+++ Input data

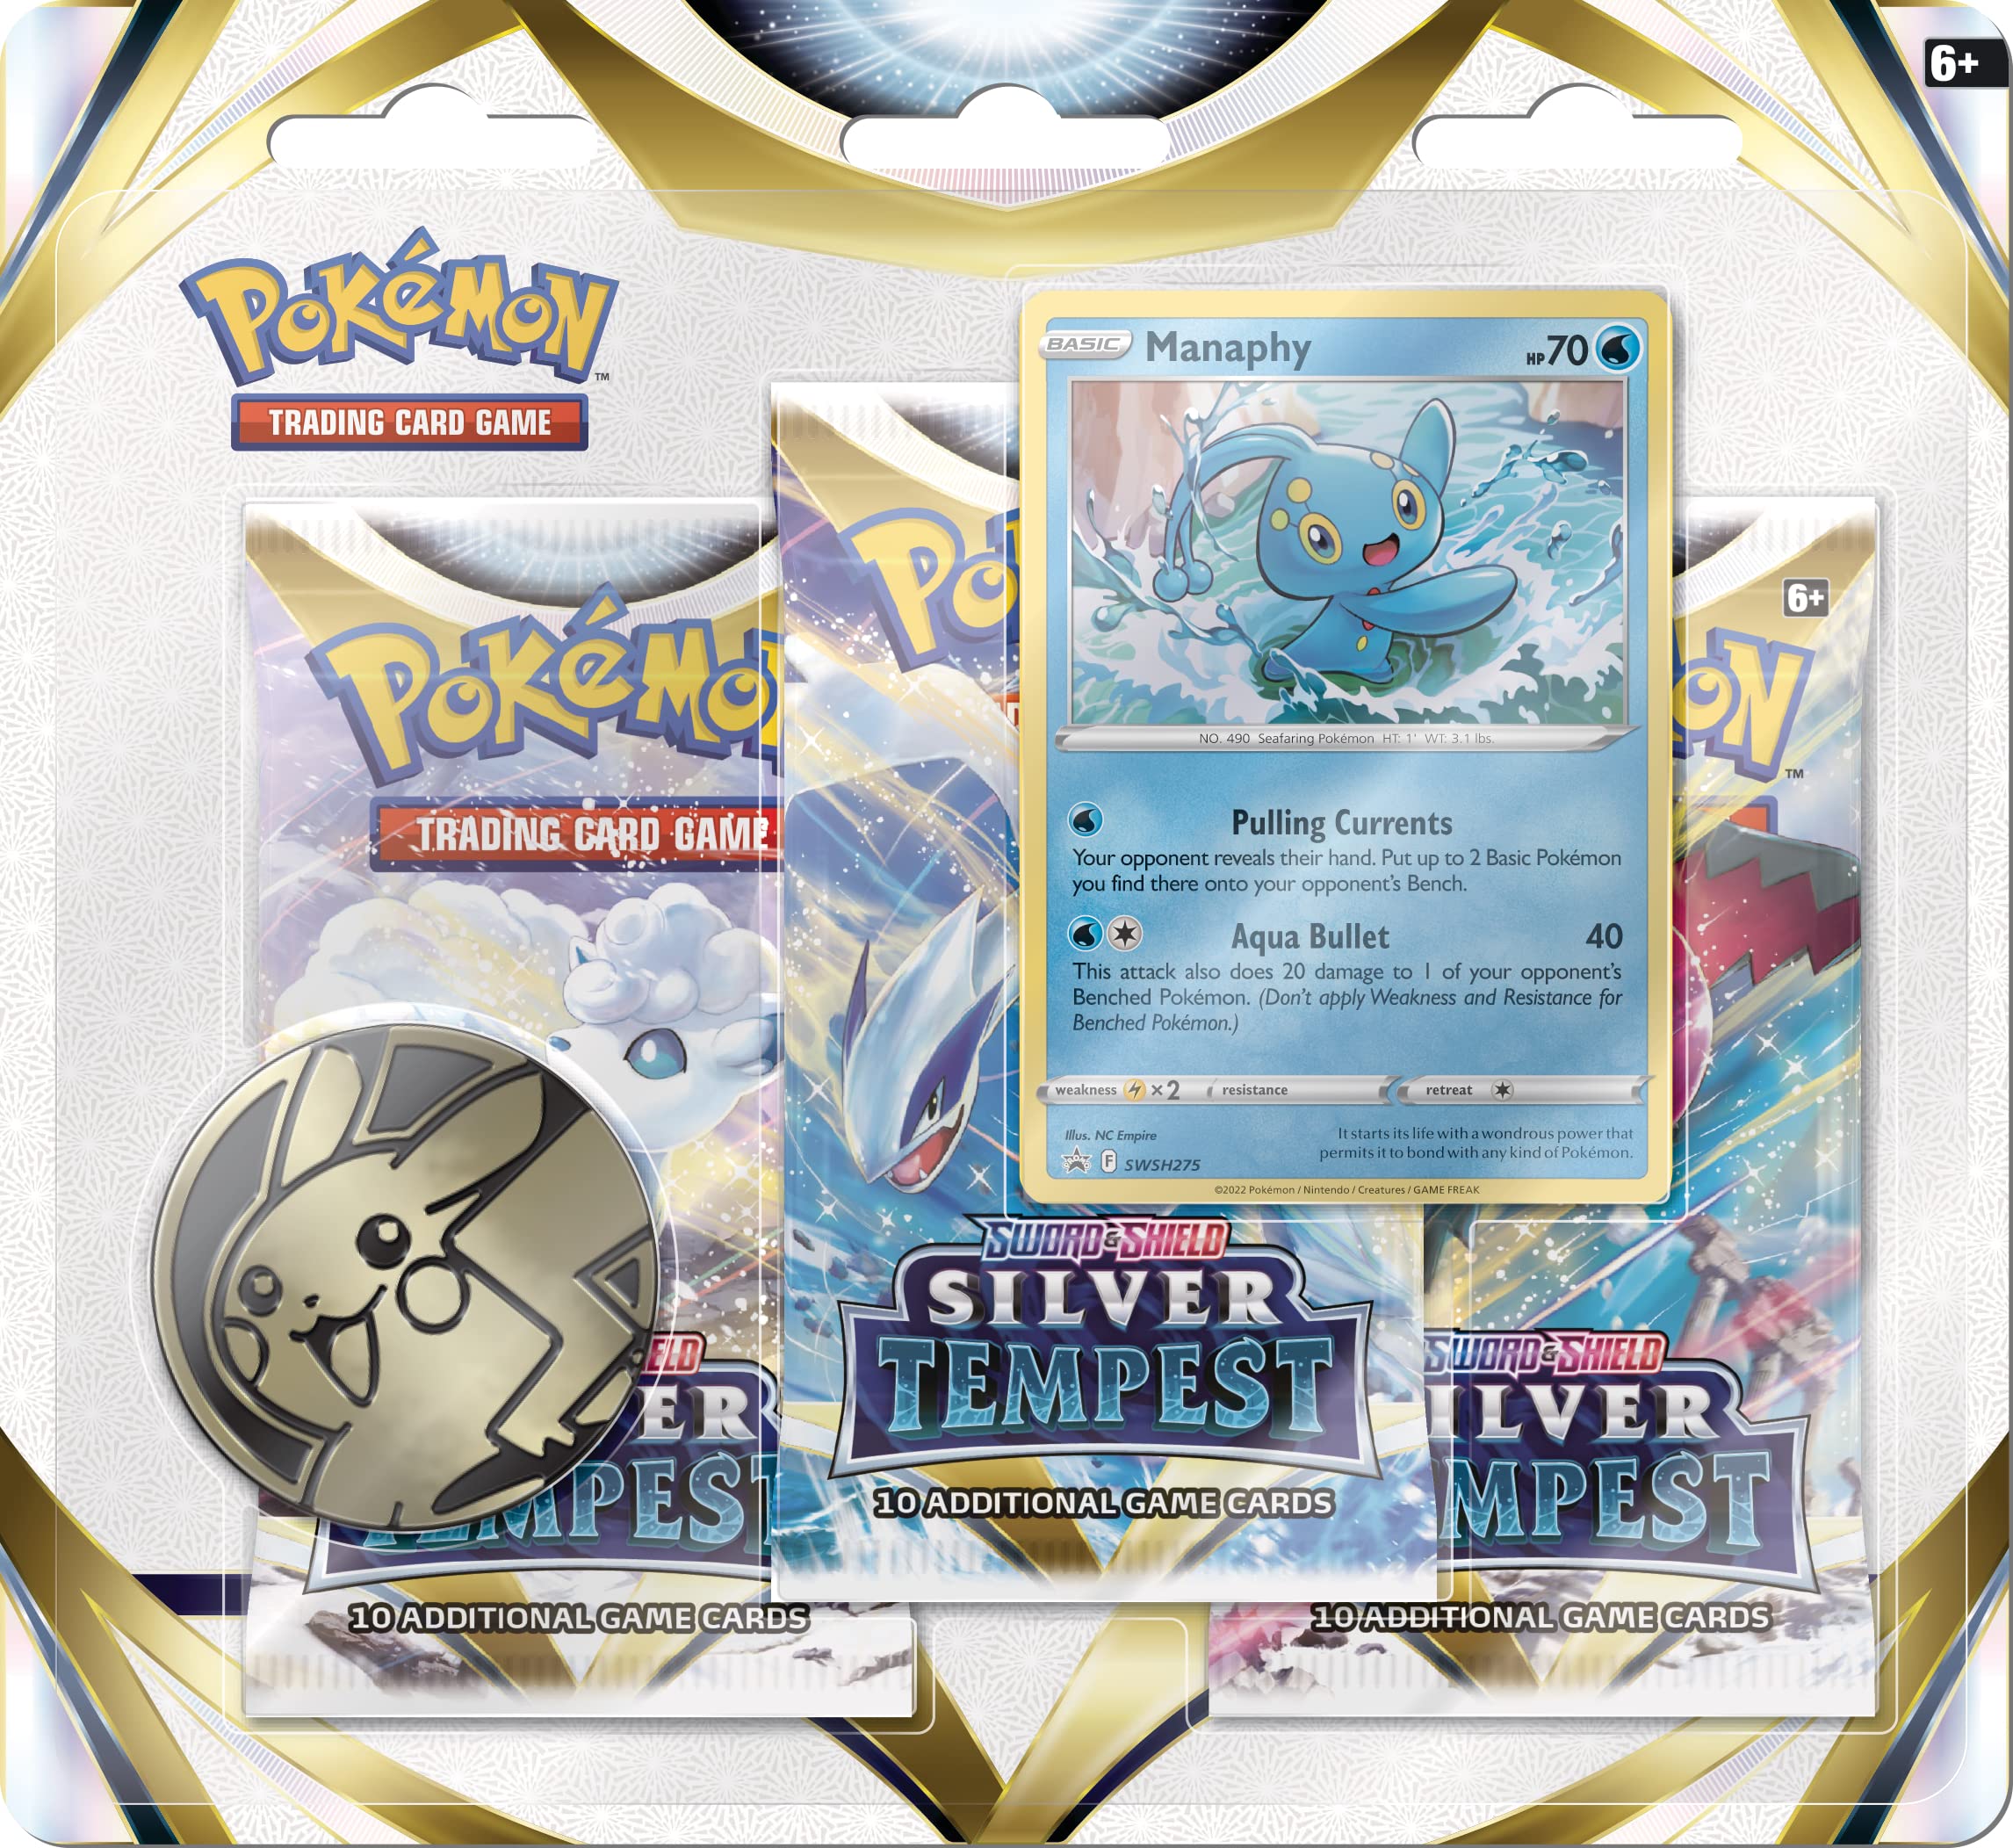 Pokémon Silver Tempest Triple Pack Manaphy Booster
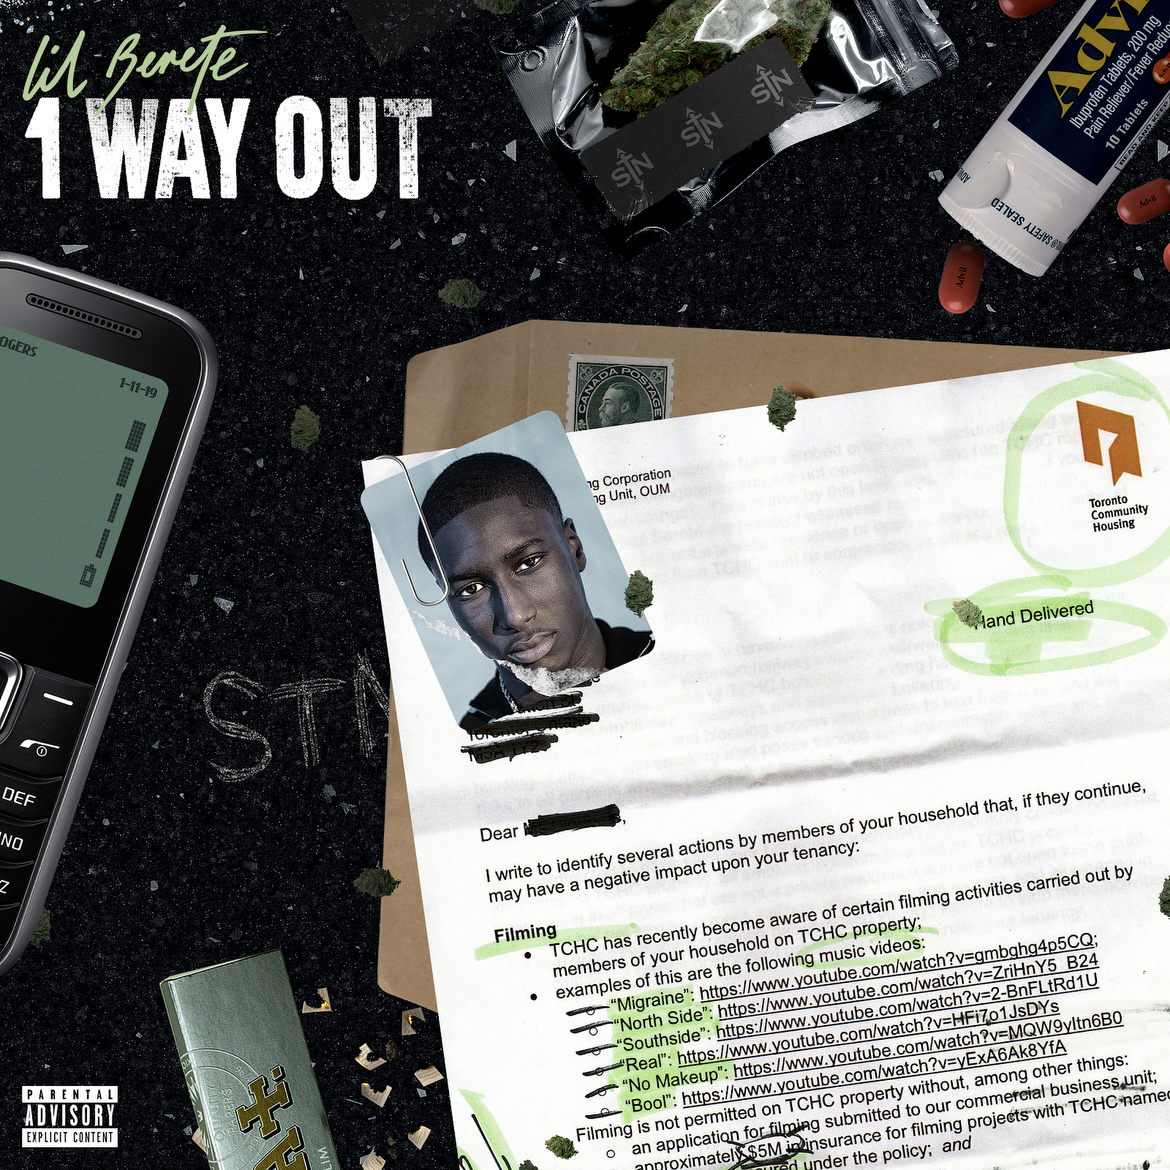 Lil Berete Announces New Mixed Tape 1 Way Out'
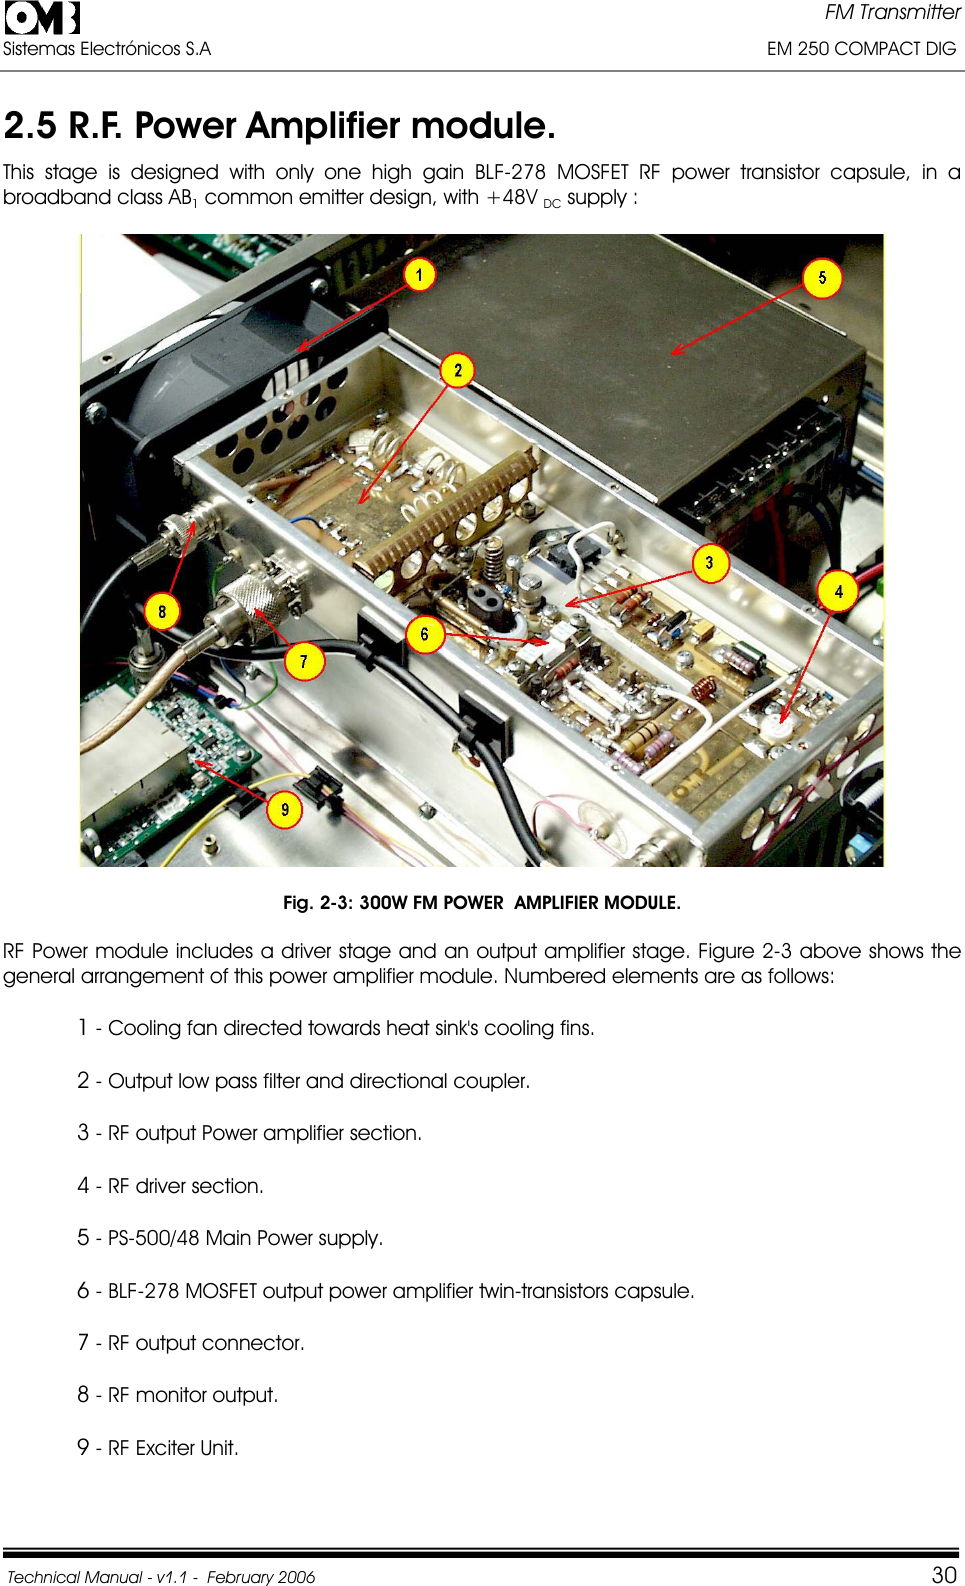 FM Transmitter Sistemas Electrónicos S.A                                                                                                         EM 250 COMPACT DIG  Technical Manual - v1.1 -  February 2006                                    302.5 R.F. Power Amplifier module.  This stage is designed with only one high gain BLF-278 MOSFET RF power transistor capsule, in a broadband class AB1 common emitter design, with +48V DC supply : Fig. 2-3: 300W FM POWER  AMPLIFIER MODULE. RF Power module includes a driver stage and an output amplifier stage. Figure 2-3 above shows the general arrangement of this power amplifier module. Numbered elements are as follows: 1 - Cooling fan directed towards heat sink&apos;s cooling fins. 2 - Output low pass filter and directional coupler. 3 - RF output Power amplifier section. 4 - RF driver section. 5 - PS-500/48 Main Power supply. 6 - BLF-278 MOSFET output power amplifier twin-transistors capsule. 7 - RF output connector. 8 - RF monitor output. 9 - RF Exciter Unit. 
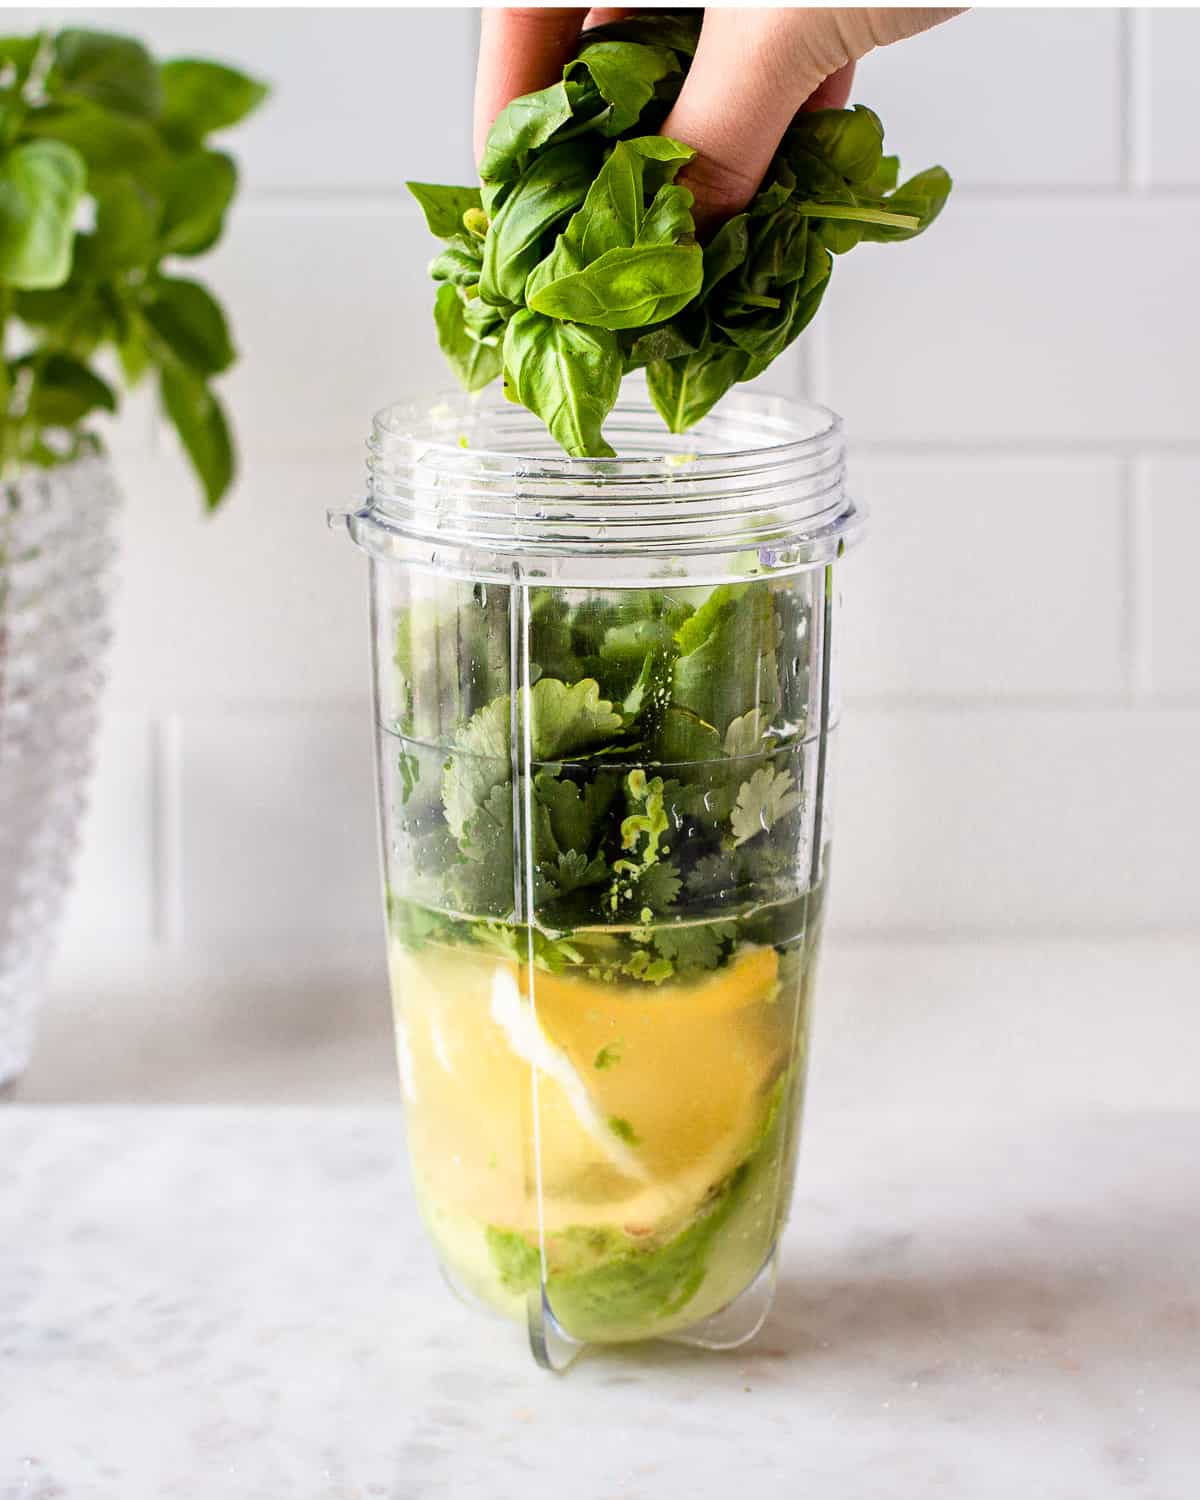 Hand adding fresh basil to a blender jar with lemon, cilantro, and oil.

++++++

**The task**
The pictures should be dropped, and every line above should be set down again exactly.

**Task solution**
 Pokémon Silver Tempest Triple Pack Manaphy Booster
 Lil Berete Announces New Mixed Tape 1 Way Out'
 FM Transmitter Sistemas Electrónicos S.A                                                                                                         EM 250 COMPACT DIG  Technical Manual - v1.1 -  February 2006                                    302.5 R.F. Power Amplifier module.  This stage is designed with only one high gain BLF-278 MOSFET RF power transistor capsule, in a broadband class AB1 common emitter design, with +48V DC supply : Fig. 2-3: 300W FM POWER  AMPLIFIER MODULE. RF Power module includes a driver stage and an output amplifier stage. Figure 2-3 above shows the general arrangement of this power amplifier module. Numbered elements are as follows: 1 - Cooling fan directed towards heat sink&apos;s cooling fins. 2 - Output low pass filter and directional coupler. 3 - RF output Power amplifier section. 4 - RF driver section. 5 - PS-500/48 Main Power supply. 6 - BLF-278 MOSFET output power amplifier twin-transistors capsule. 7 - RF output connector. 8 - RF monitor output. 9 - RF Exciter Unit. 
 Hand adding fresh basil to a blender jar with lemon, cilantro, and oil.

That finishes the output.